April 16, 2009 at 1:08 am
>Of course, in this parallax you attempt to draw, you create a tidy line that allows you to preserve a humanist dualism by advancing the thesis that we only look at the face (the mental), not the lamp (the brain), effectively banishing the brain.
This is an absurd caricature of what I said. If you can’t summarize what I said accurately, how can we trust your summary of Malabou? Here is what I said:
>The Kantian dimension of Malabou’s claim is that, in distinguishing the “mental” from the “neuronal,” we encounter an antinomy: that our world can be explained either at the neuronal level (cognitive scientific), or at the mental level (phenomenologically), but we can never see them both at the same time, like that famous optical illusion of the lamp/face: we either see the lamp, or we see the faces, but never both.
I did not say that we only see the face, but never the lamp, but we can only see one at a time, but never both together. If we try and see both together we lose the entire picture. The thing-in-itself designates the fact that seeing both at once is a structural impossibility. But if I had said we could only see the face, but never the lamp, it would indeed be idiotic and “humanist dualism,” but I didn’t say anything even remotely resembling that. And if you’re going to criticize me for presupposing a predetermined differentiation between these two levels, I’ll just refer you again back to the top where I explain how they come about through bracketing.
April 16, 2009 at 1:13 am
Also: my criticism of you as an analyst does not have that much to do with signifiers or whatever. I left it relatively vague, so that isn’t any fault of your own for misinterpreting. What I meant instead was that I think your “philosophical inquiry” has shifted from discourse of the analyst to discourse of the hysteric, it just happens that your new objet a is object-oriented philosophy.
April 16, 2009 at 2:02 am
[…] a reaction implicitly at work in a comment responding to my post on Catherine Malabou. There Bryan writes: I also don’t think Malabou’s book refutes Mikhael’s point at all, but it does put into […]
April 16, 2009 at 2:09 am
My apologies for mischaracterizing your position. I suppose my problem with the antinomy thesis is that the neurological dimension always seems to be on the losing side of the equation. That is, it simply becomes excluded from the discussions and we go back to talking about the mental like we did before. Sometimes with Zizek’s (and more recently Johnston’s) discussions of these issues I get the feeling that they’re just dressed up theology. Just as the creationist folks changed the language in their textbooks to talk about “intelligent design” and sound more scientific and different from creationism (recall the Dover, PA trial where all of this came to light), there’s a way in which this sort of move functions in the same way. I certainly share the thesis that we can either look at consciousness or neurology, but never both at the same time, but I desire a treatment of this thesis where one term of the antinomy doesn’t take a privileged status.
April 16, 2009 at 3:08 am
Well then I agree, I don’t think either one should be privileged as well. As another example, I think Karatani’s thesis apropos Marxism is spot on: Soviet-style Marxism viewed production as the privileged locus of truth in the economy, but Karatani points out that truth is located just as much in production as it is in consumption (the process of circulation, the conversion of value into money).

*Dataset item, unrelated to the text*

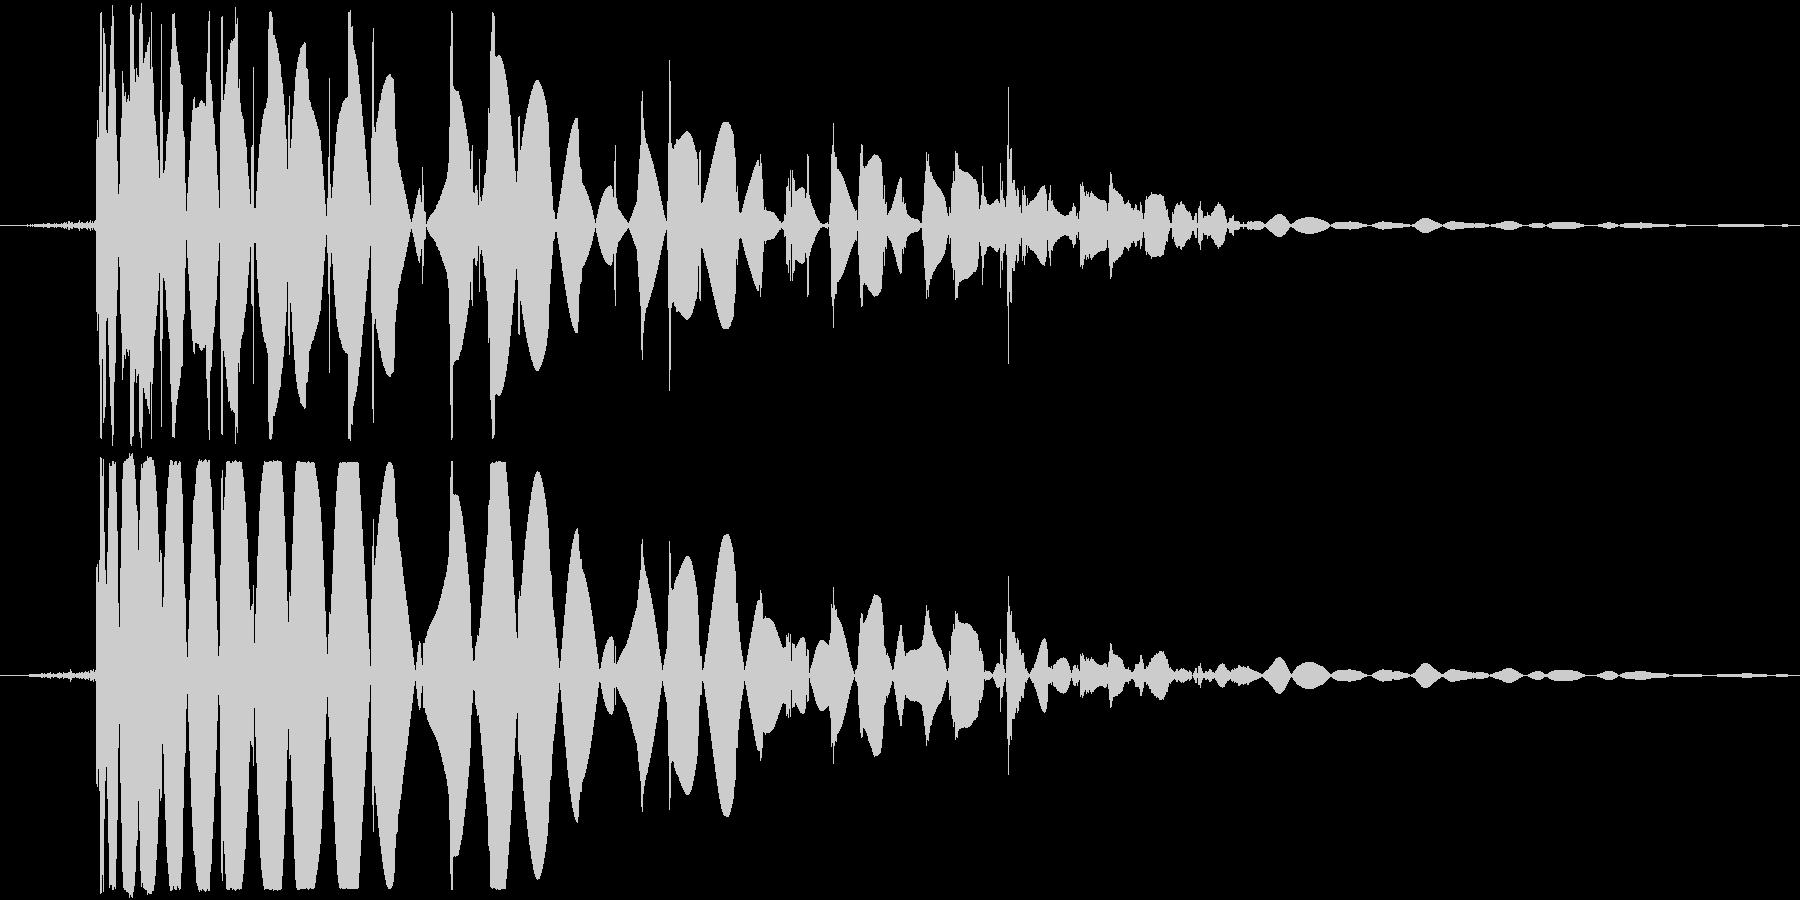 ドゴッ!という打撃音ですの未再生の波形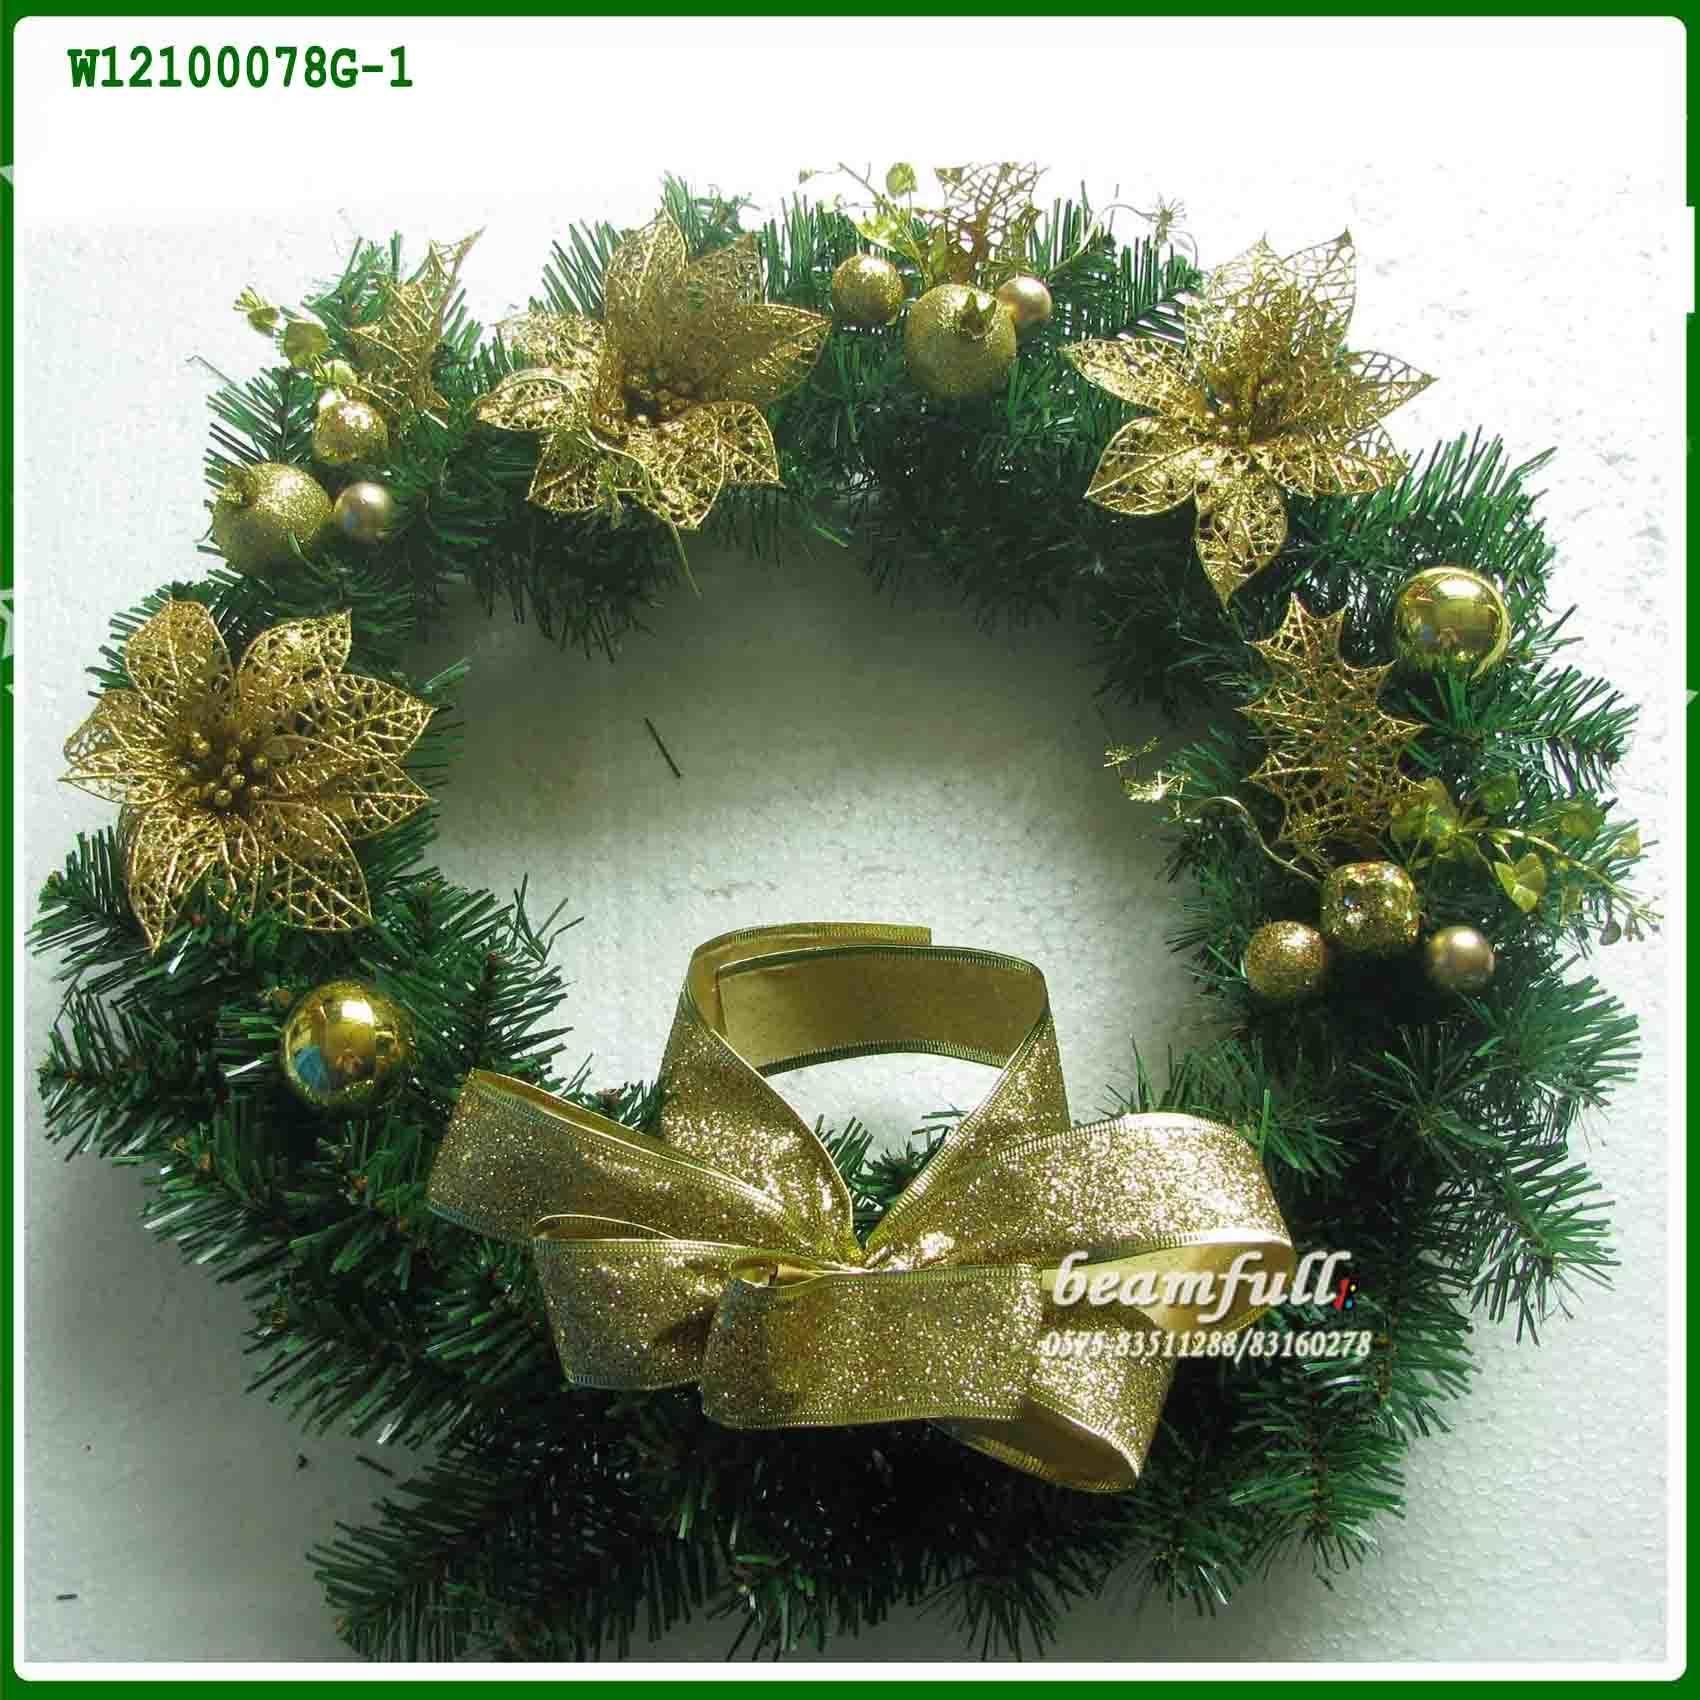 Glanzend de grote decoratie van de bal van de kroon van kerstmis bowknot glanzend de grote - Decoratie van de kamers van de meiden ...

But I also don’t think theology and creationism are identical. While I’m not very familiar with theology and consider myself an atheist, on the other hand I think theology is an important field. For Kierkegaard, for example, there is something irreducibly absurd about existence. I think this is true whenever we are confronted by antinomy: wherever there is antinomy, we encounter the absurdity of existence. This isn’t to say that theology is itself absurd, but there seems to be something inherently absurd about existence.